# Outdoor Speaker wire ( long run)



## Stocky (Mar 29, 2010)

Guys,
I want to run speaker wire ,about 100ft probably a little more from my house down to the lake , we need music down there . We have a nice patio area down there that I'm planning on using more this summer. The kids are old enough to hang out down there with us and not get into trouble.
I got my "ball of fire" http://www.govgroup.com/patio-fire-pit-2146234-prd1.htm and I'm ready to party .
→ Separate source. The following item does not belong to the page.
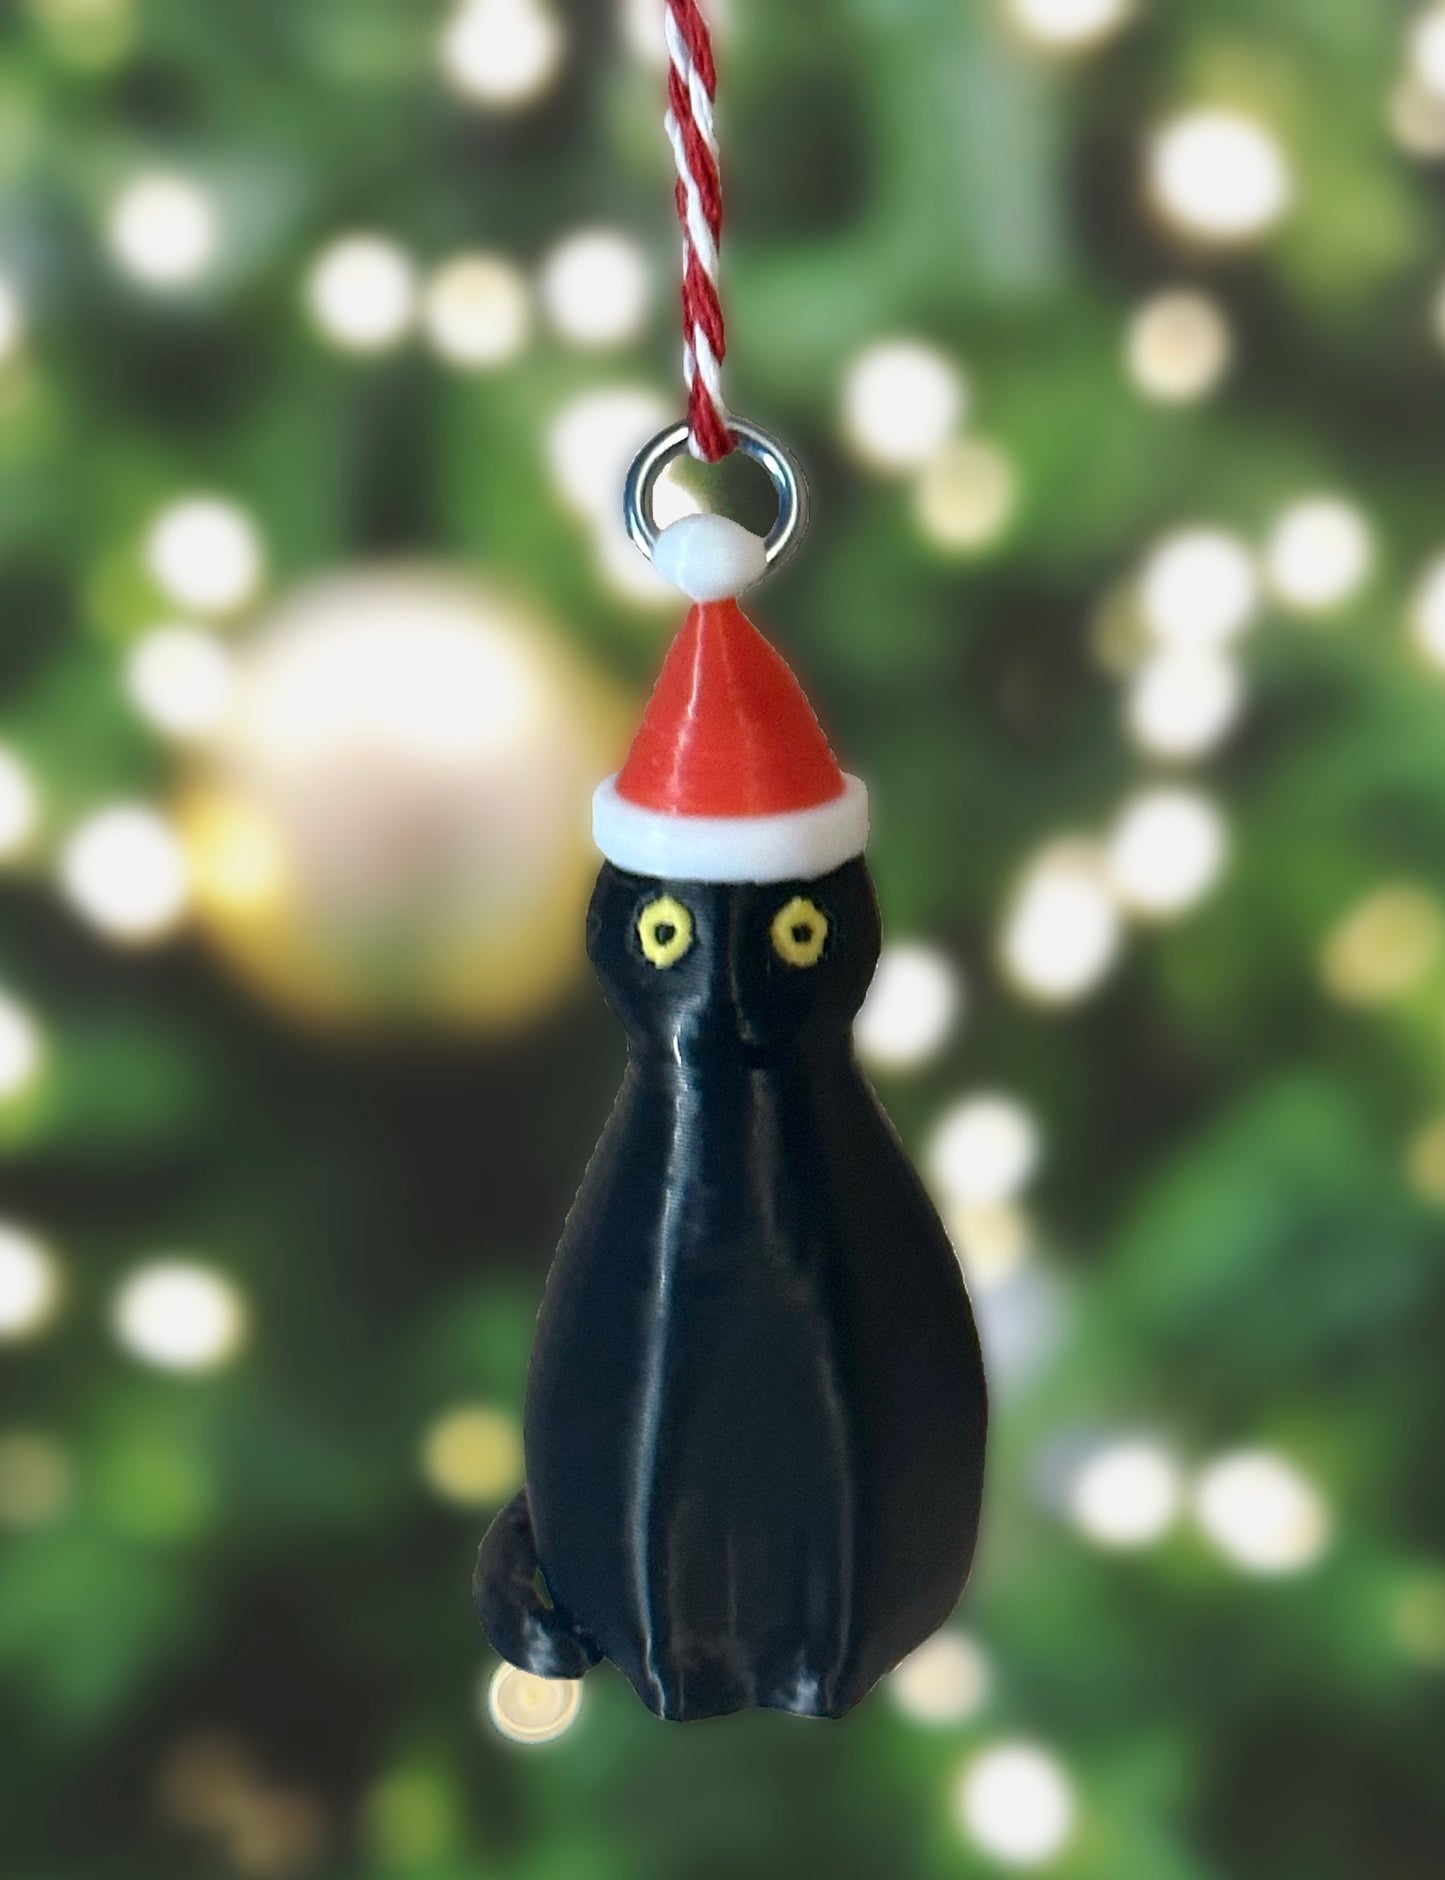 Soetta Cat Christmas Tree Ornaments - Made in USA - Miniature Black Santa and Santa Hat Ornaments (Black Santa Cat + Santa Hat)

I'd like to keep it simple .... how should I do this and what grade / type of speaker wire , do I need to put it into conduit ?

Mike


----------



## skeeter99 (Jan 24, 2007)

Stocky said:


> Guys,
> I want to run speaker wire ,about 100ft probably a little more from my house down to the lake , we need music down there . We have a nice patio area down there that I'm planning on using more this summer. The kids are old enough to hang out down there with us and not get into trouble.
> I got my "ball of fire" http://www.govgroup.com/patio-fire-pit-2146234-prd1.htm and I'm ready to party .
> 
> ...


Mike,

The best thing is to get a 12/2 Tray Rated Cable which is specifically designed for outdoor direct burial use. This way you won't need to put it into conduit which will save time and money! They aren't specifically for audio but they are designed for this application type. They are thick and look cool too (the one I'm looking at is .42" in diameter 

If you're interested, drop me a PM and I can get you hooked up. My company sells this stuff and I could probably get you a 100' cut of it for a very good price.

Scott


----------



## Stocky (Mar 29, 2010)

Scott,
Thanks for the offer. Let me speak to my buddy who's an electrician. I'm sure he can get it at a place like Graybar at a descent discount, but I'll keep ya in the loop.


----------



## skeeter99 (Jan 24, 2007)

Stocky said:


> Scott,
> Thanks for the offer. Let me speak to my buddy who's an electrician. I'm sure he can get it at a place like Graybar at a descent discount, but I'll keep ya in the loop.


Yeah, I work for CSC (Communications Supply) so I'll have similar stuff to them. Not trying to sell you anything as I wouldn't mark it up more than absolutely necessary to cover freight. Just trying to help out.


----------